[Opening COLLECTED DATA section]

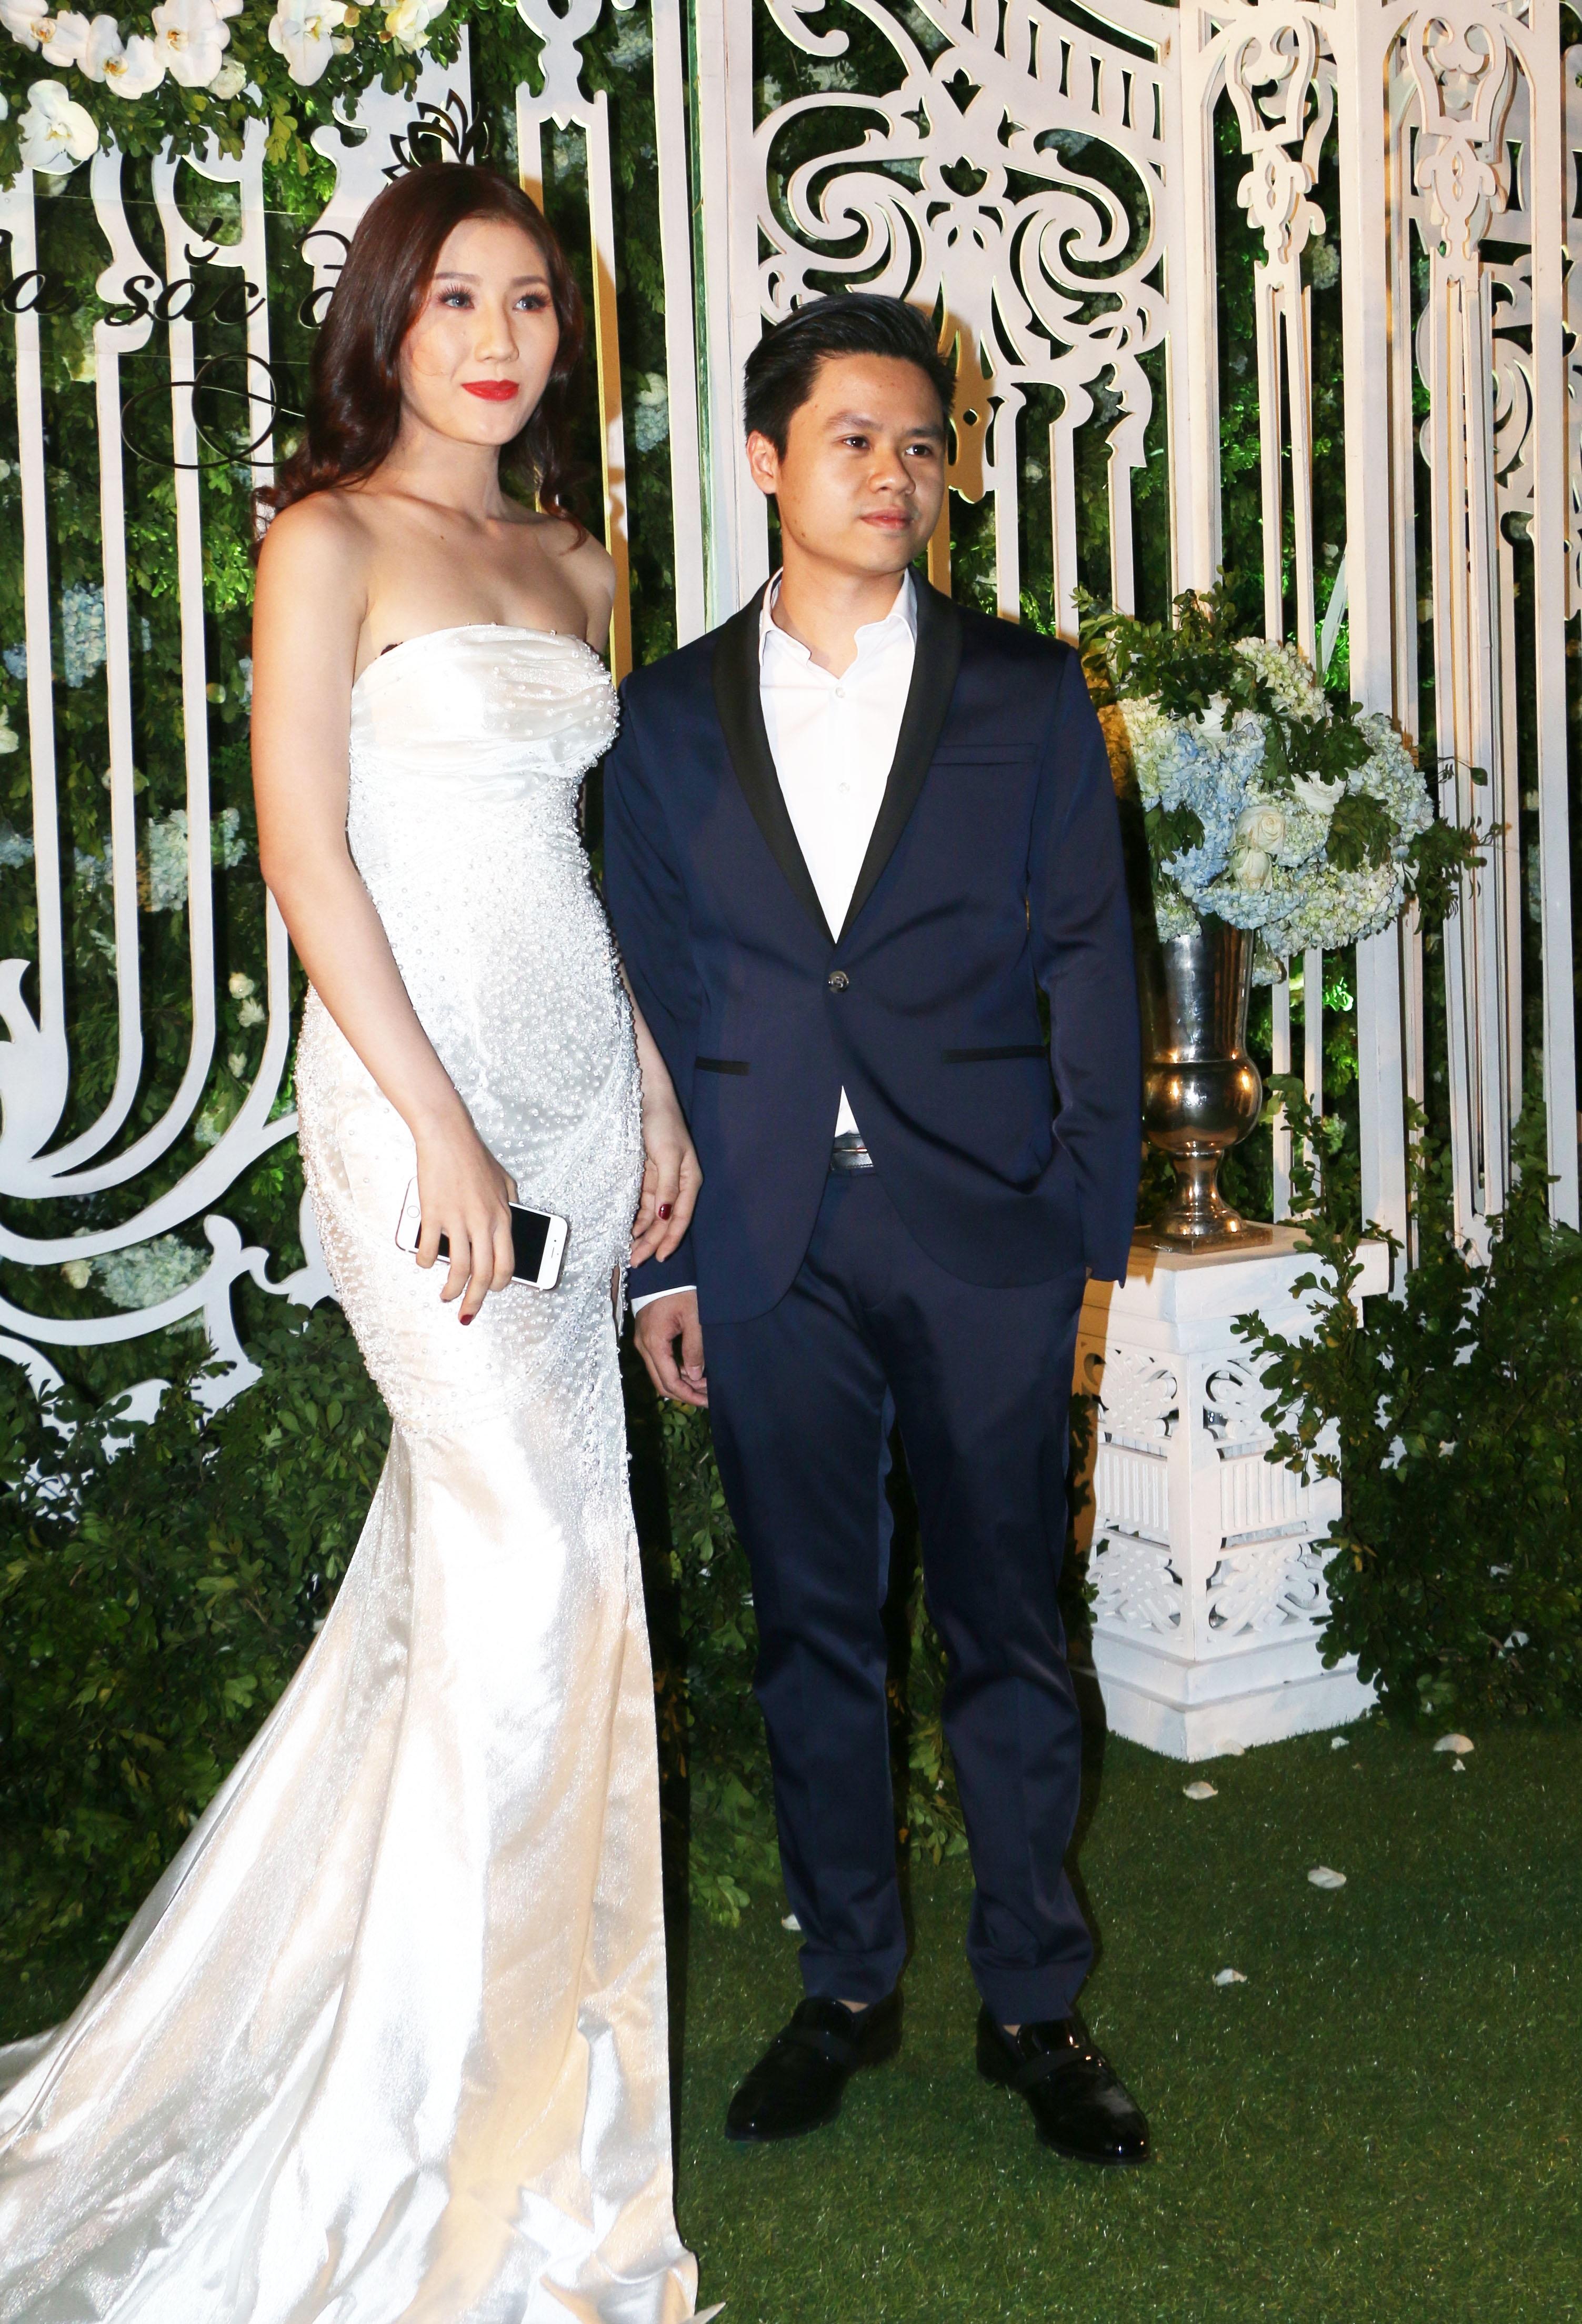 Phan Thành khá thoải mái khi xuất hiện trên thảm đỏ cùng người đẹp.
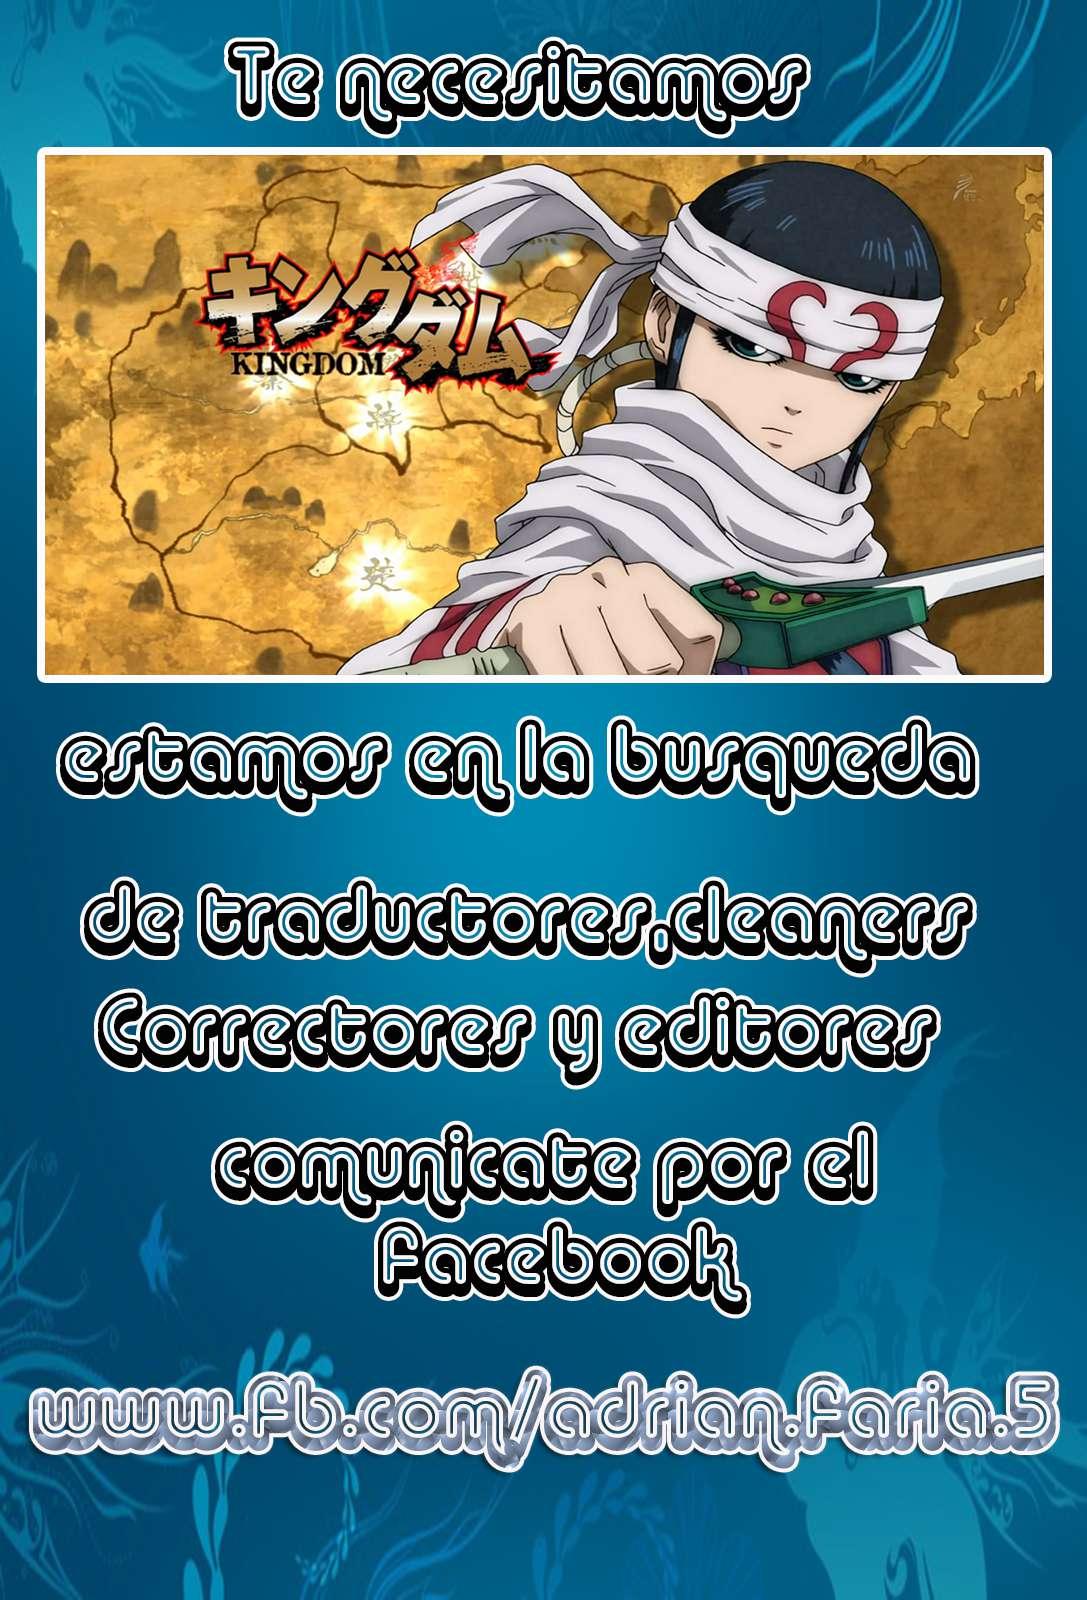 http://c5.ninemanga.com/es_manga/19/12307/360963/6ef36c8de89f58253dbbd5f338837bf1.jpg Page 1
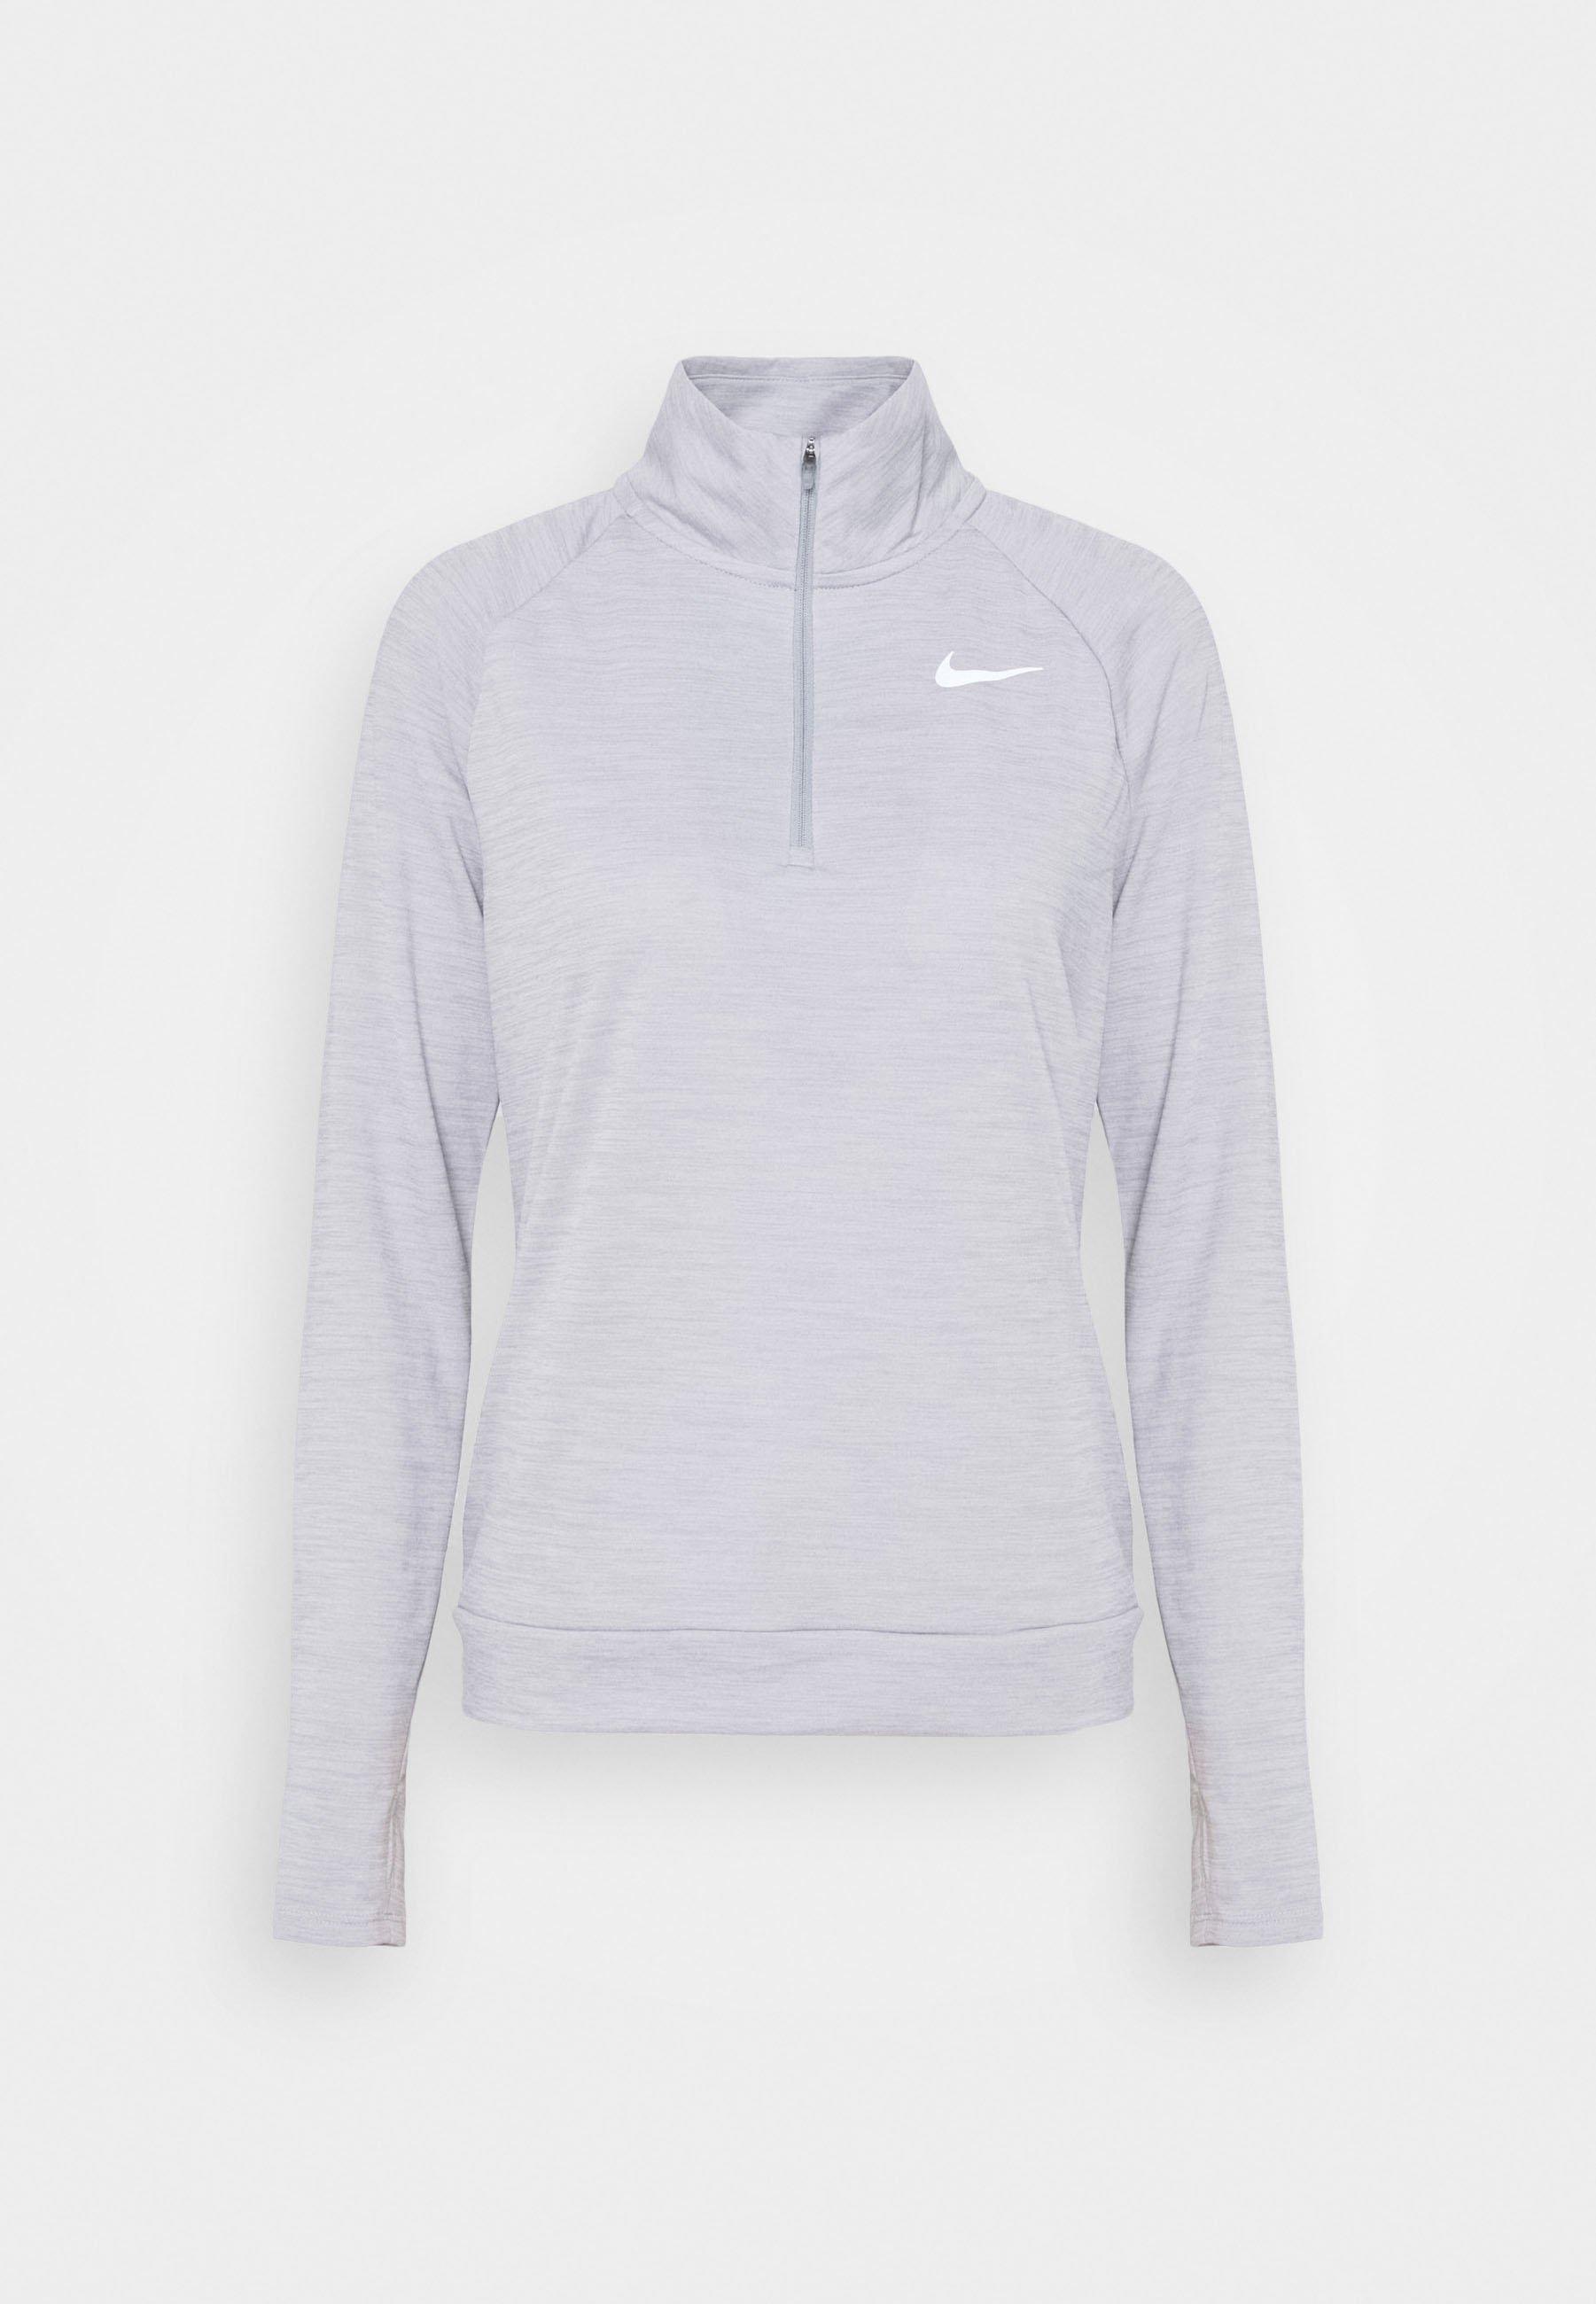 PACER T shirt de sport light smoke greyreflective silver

[Closing COLLECTED DATA section]

Print the material again, unchanged, without its pictures.

▸ WRITTEN SOLUTION
 Phan Thành khá thoải mái khi xuất hiện trên thảm đỏ cùng người đẹp.
 http://c5.ninemanga.com/es_manga/19/12307/360963/6ef36c8de89f58253dbbd5f338837bf1.jpg Page 1
 PACER T shirt de sport light smoke greyreflective silver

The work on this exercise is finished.